The National Association of Realtors has joined a coalition of groups, including the National Federation of Independent Business and the Associated Builders and Contractors, to aggressively campaign for passage of the small-business health plan legislation.

NAR, which has spent millions on a national advertising campaign in support of the bill this year, disputes critics who say the legislation would preempt all state insurance laws.

The group argues that under the proposed bill, quality health insurance plans must be provided and any insurer working with a trade association would be required to be licensed in every state in which the small-business plan enrolls participants, which means they would be regulated by the state’s insurance commissioner.

And even though a small-business health plan can provide insurance offerings that don’t comply with state mandates, at least one additional plan option would have to be presented that complies with the state mandates or with coverage offered by a state employee plan in one of the five most populous states, NAR maintains.

The legislation will be a top focus at the NAR midyear legislative meeting, which starts today in Washington, D.C. Realtors from across the country are expected to converge on Capitol Hill on Wednesday to meet with members of Congress about the bill and other concerns.

The health care issue resonates here in Massachusetts, where state leaders passed a first-in-the-nation law last month that requires all residents to have health insurance by July 1, 2007.

Stephen Ryan, general counsel and government affairs director for MAR, said self-employed workers will have to verify on their state income tax returns that they acquired insurance through a provider – and if they are not insured, any refunds will be withheld and penalties will be imposed in subsequent years.

Anne Rendle, chief executive officer of the Northeast Association of Realtors, said she gets several calls every month from members who ask if they can obtain affordable health care coverage through MAR or NAR – which both provide discounts on other types of services and products.

“We have to tell them that we can’t offer that,” Rendle said. “It’s so sad when people call me up because they say, ‘I have nothing – no insurance at all.'”

Rendle often refers agents and brokers to the local Chamber of Commerce, which offers a health insurance plan to its members. She said when she heard that NAR was making the small-business health plan legislation a priority, she was “delighted.”

“It’s the No. 1 thing I hear from members that they really want, and they don’t understand why we can’t do it,” she said.

Don McMeniman, who manages the offices of Dick Lepine Real Estate in Dracut, Westford and Lowell, estimated that at least half of the approximately 70 agents at his company don’t have insurance.

McMeniman said he pays $1,000 a month to insure himself and his wife.

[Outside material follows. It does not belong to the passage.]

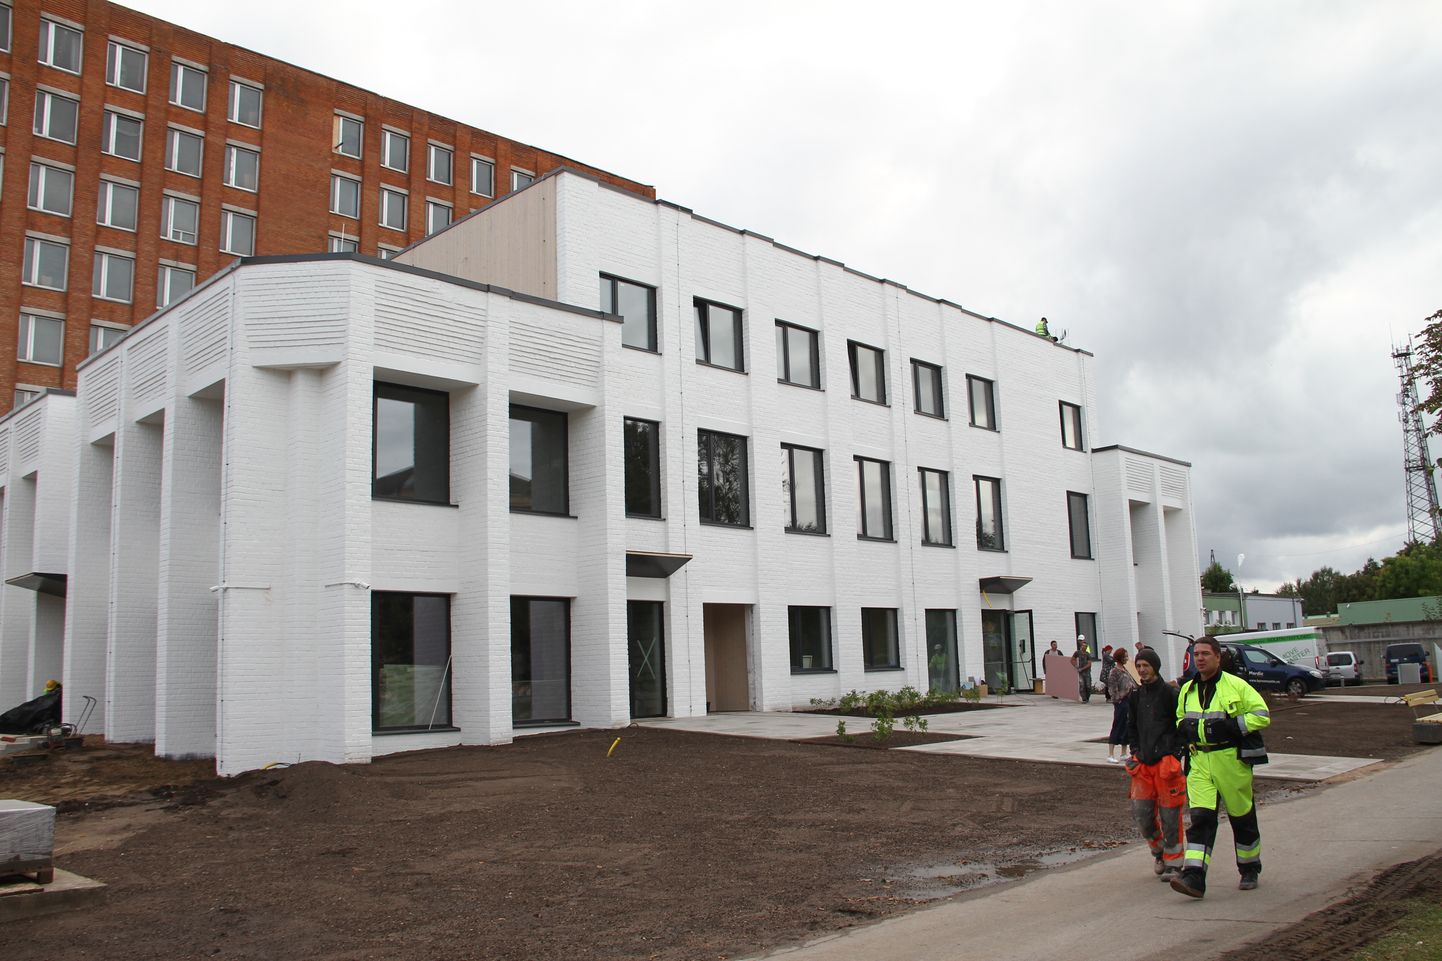 Сентябрь 2019 года, строители заканчивают реконструкцию здания в Нарве, где сейчас работают Дом эстонского языка и мультимедиа-центр Objekt.

He would be paying much more if he were not a member of the Greater Lowell Chamber of Commerce, which gives him access to a small group plan.

Some real estate agents are able to get good insurance coverage because a spouse works for a company that provides a health care plan, but many can only afford catastrophic insurance, he said.

As a group, Realtors tend to be older and therefore have an even tougher time accessing affordable health insurance. According to the most recent member profile done by NAR, the median age for Realtors nationwide was 52 years old.

Larger real estate firms typically offer coverage to executives and staff, not sales associates. Of 1,800 Realtors responding to a recent MAR survey, more than half indicated that they purchase health insurance themselves.

And 96 percent of the respondents said they want to see the Realtor association make some type of health insurance plan available now that the state has mandated health insurance coverage.

Authier, MAR’s chief executive, said the bill being debated by the Senate would put small businesses on the same footing as companies and unions, and enable them to pull together to get better rates on health insurance.

With 1.2 million members, NAR would certainly be in a strong position to negotiate favorable rates for its membership, noted McMeniman.